Work to be completed.
This exercise calls for retyping every line below exactly, with the images omitted.

Data shown.
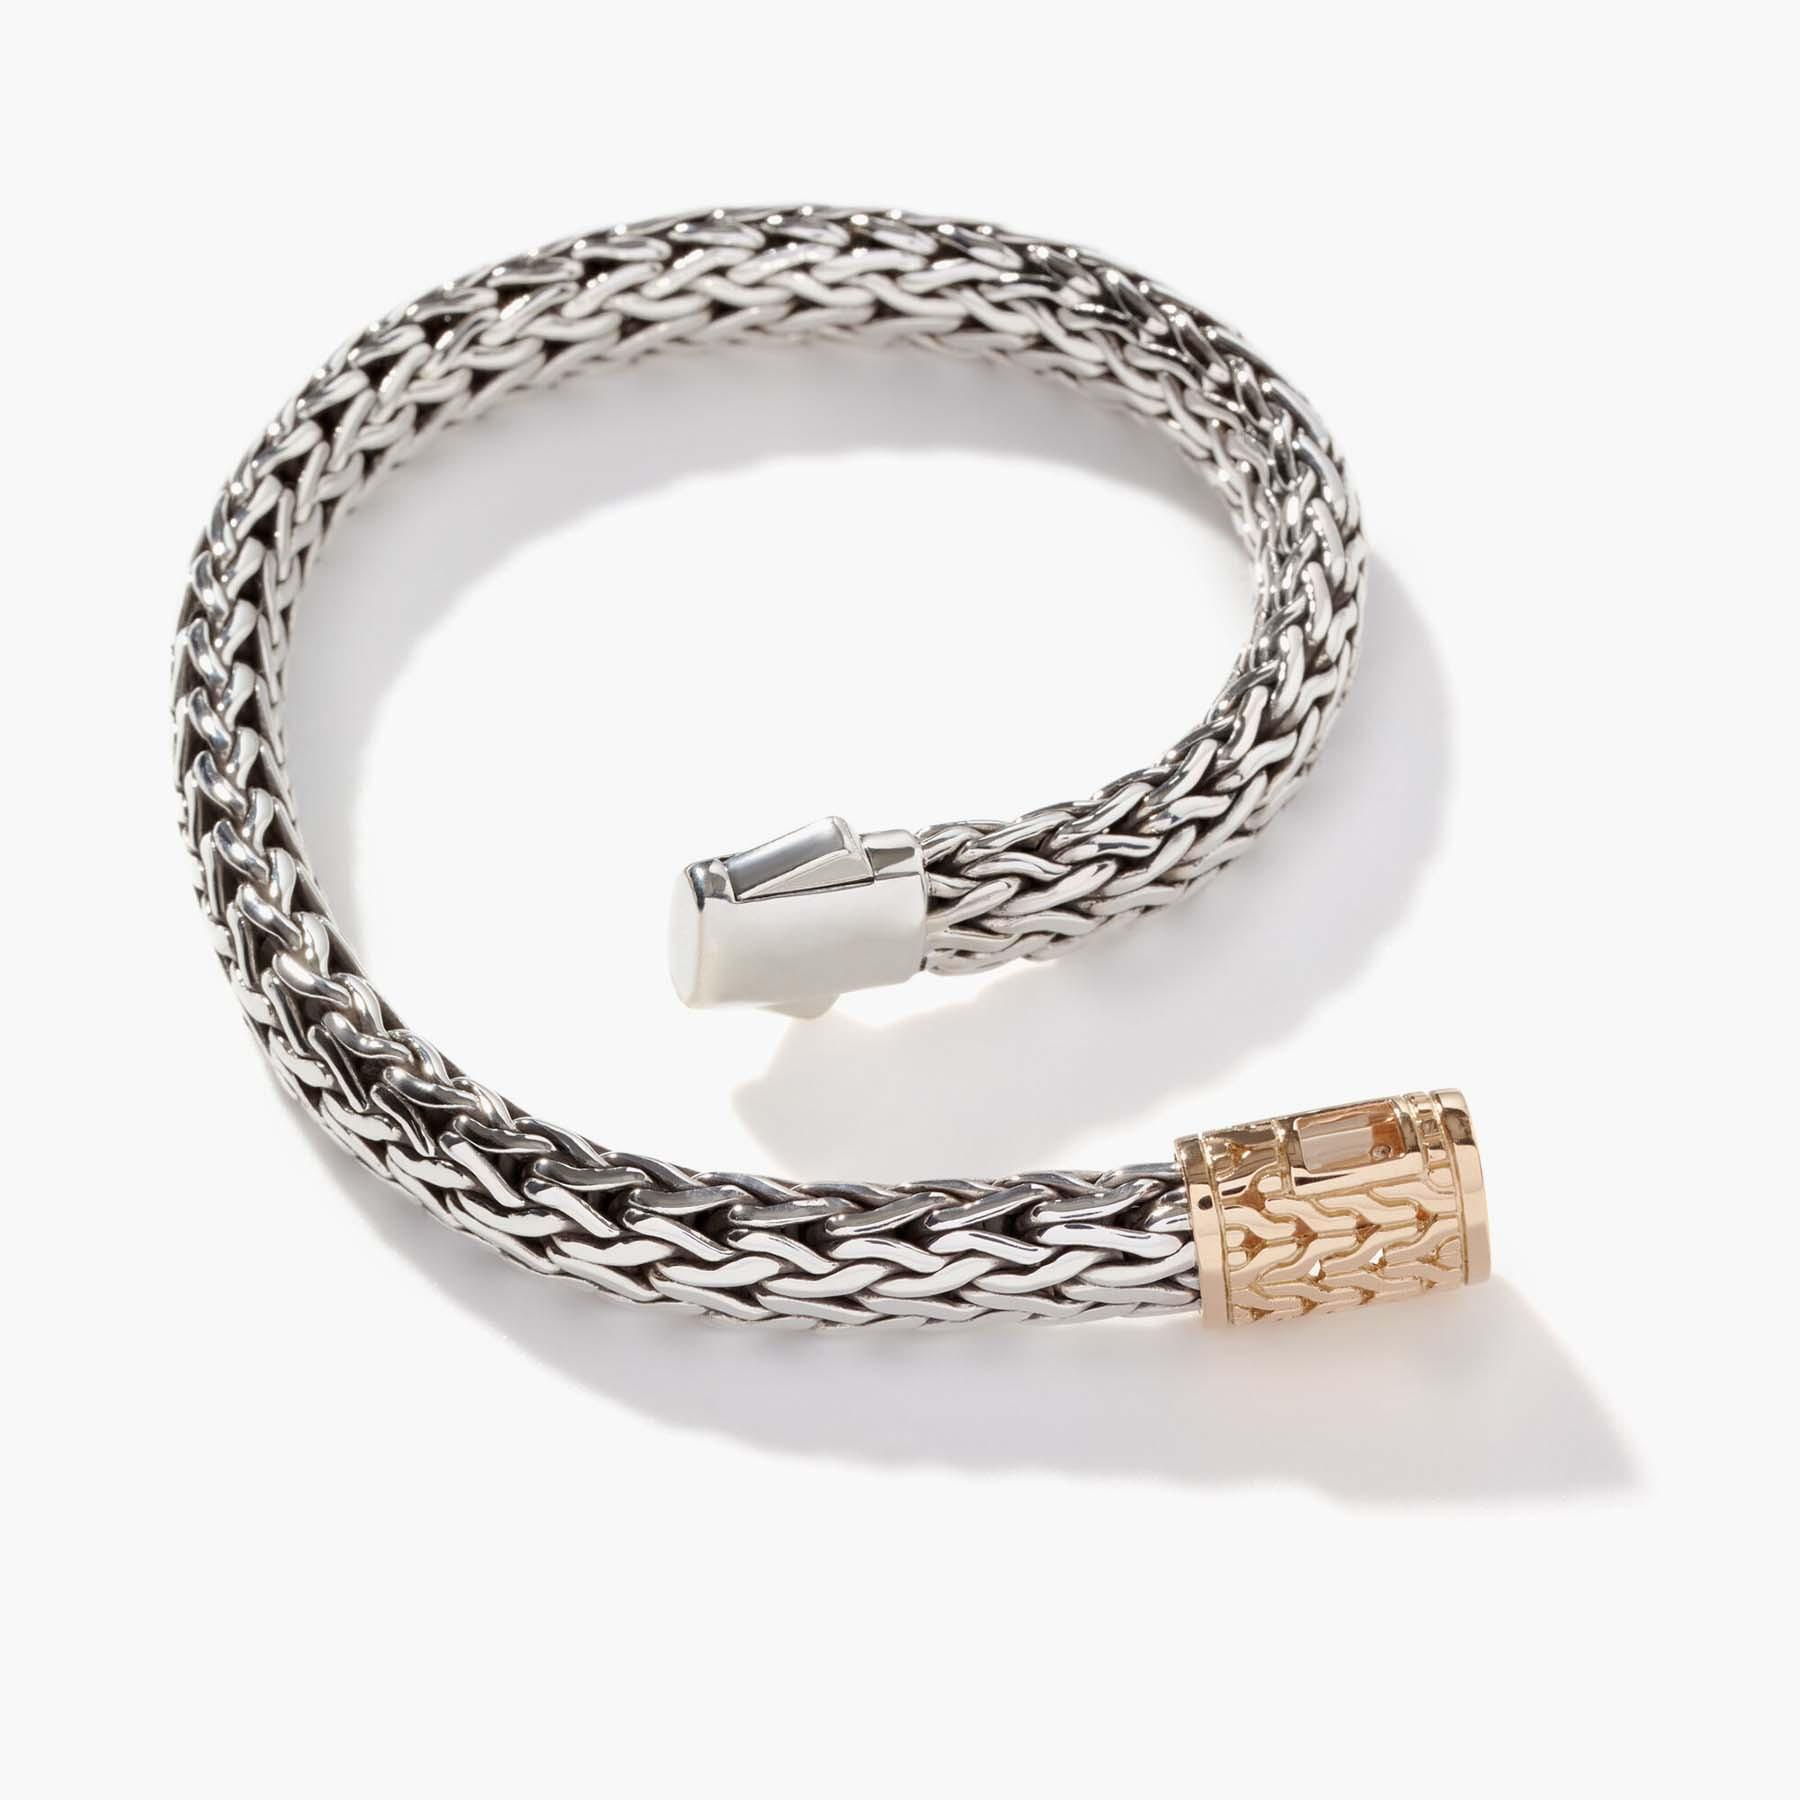 John Hardy Classic Chain Gold & Silver 7.5mm Large Bracelet
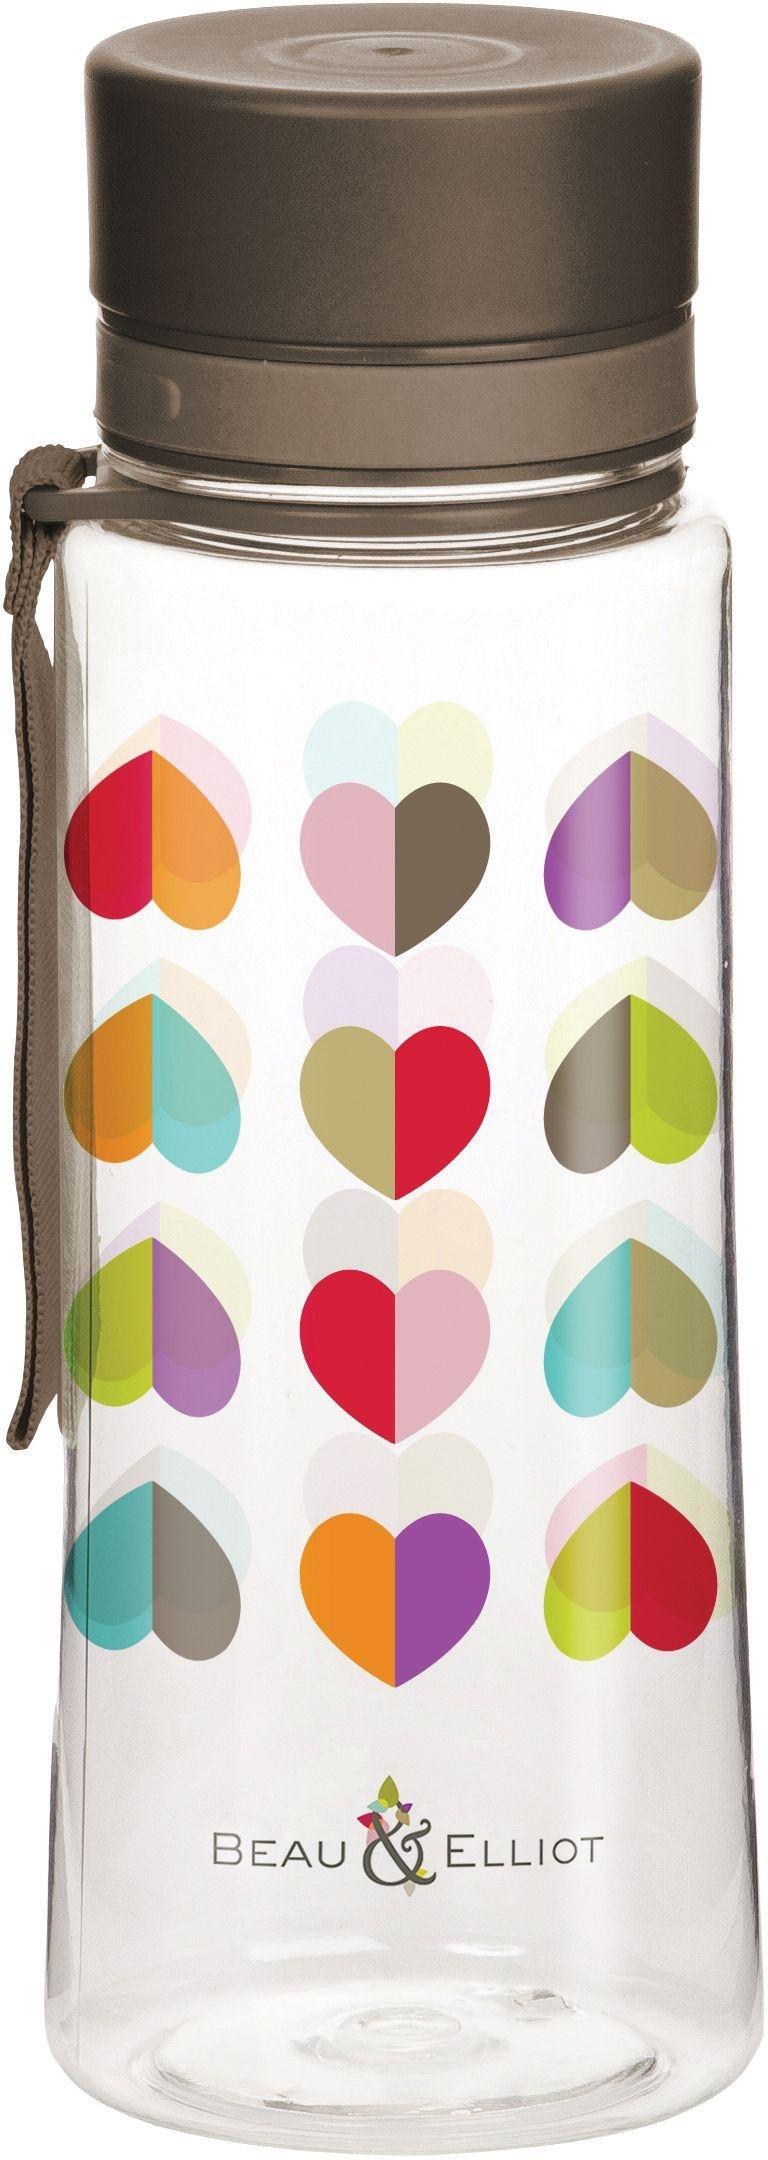 Image of Beau and Elliot - Confetti Hydration Bottle - Multicoloured
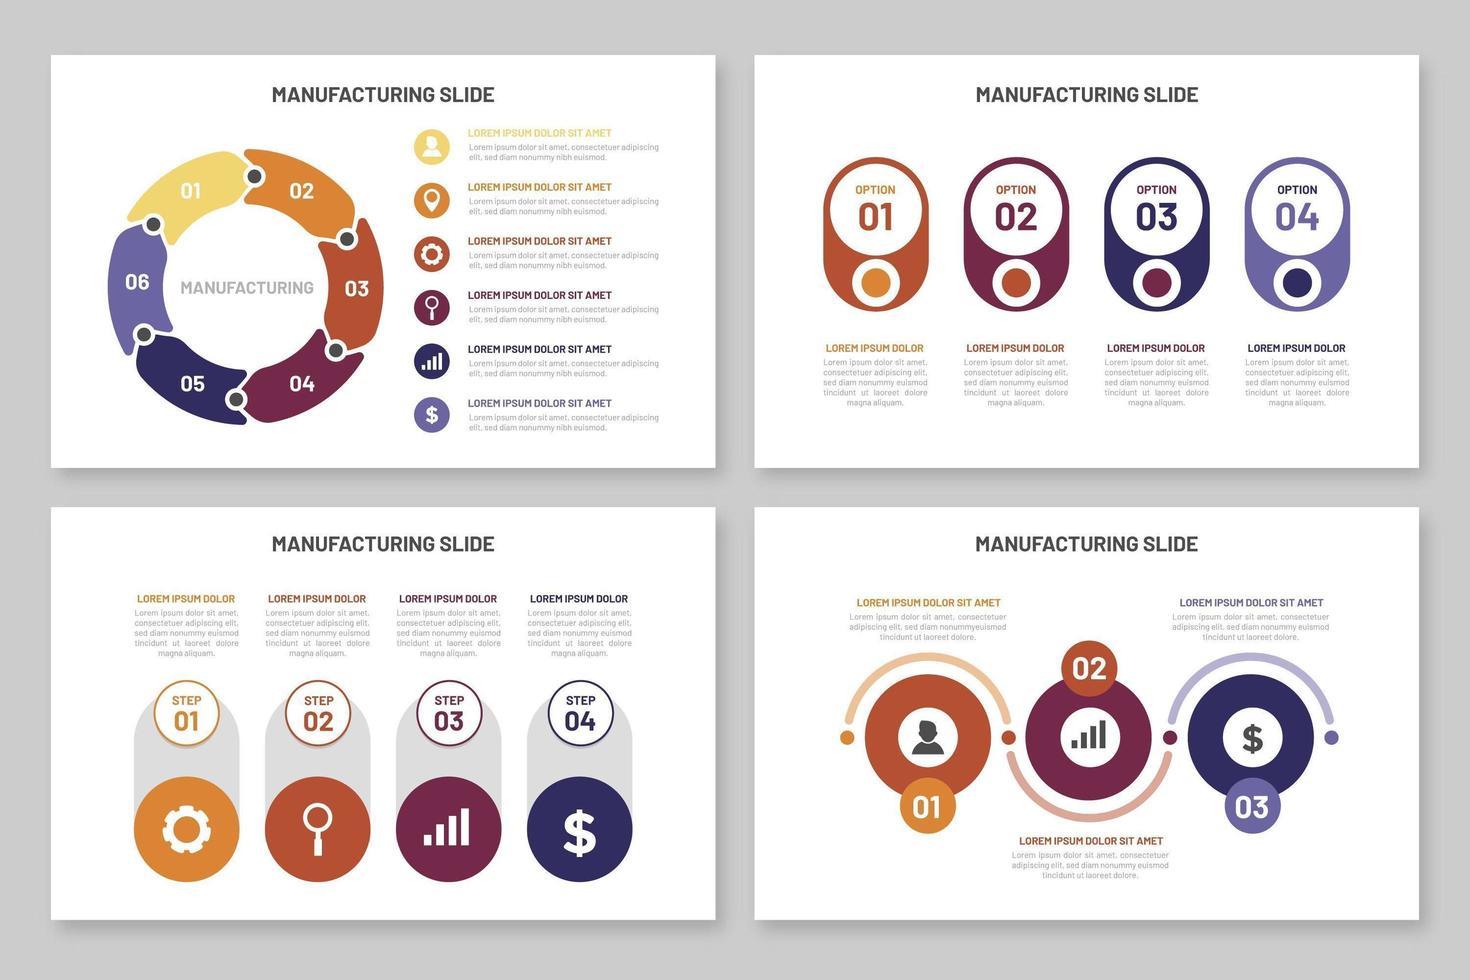 plantilla de fabricación de infografías vector

Expected output.
 John Hardy Classic Chain Gold & Silver 7.5mm Large Bracelet
 Image of Beau and Elliot - Confetti Hydration Bottle - Multicoloured
 plantilla de fabricación de infografías vector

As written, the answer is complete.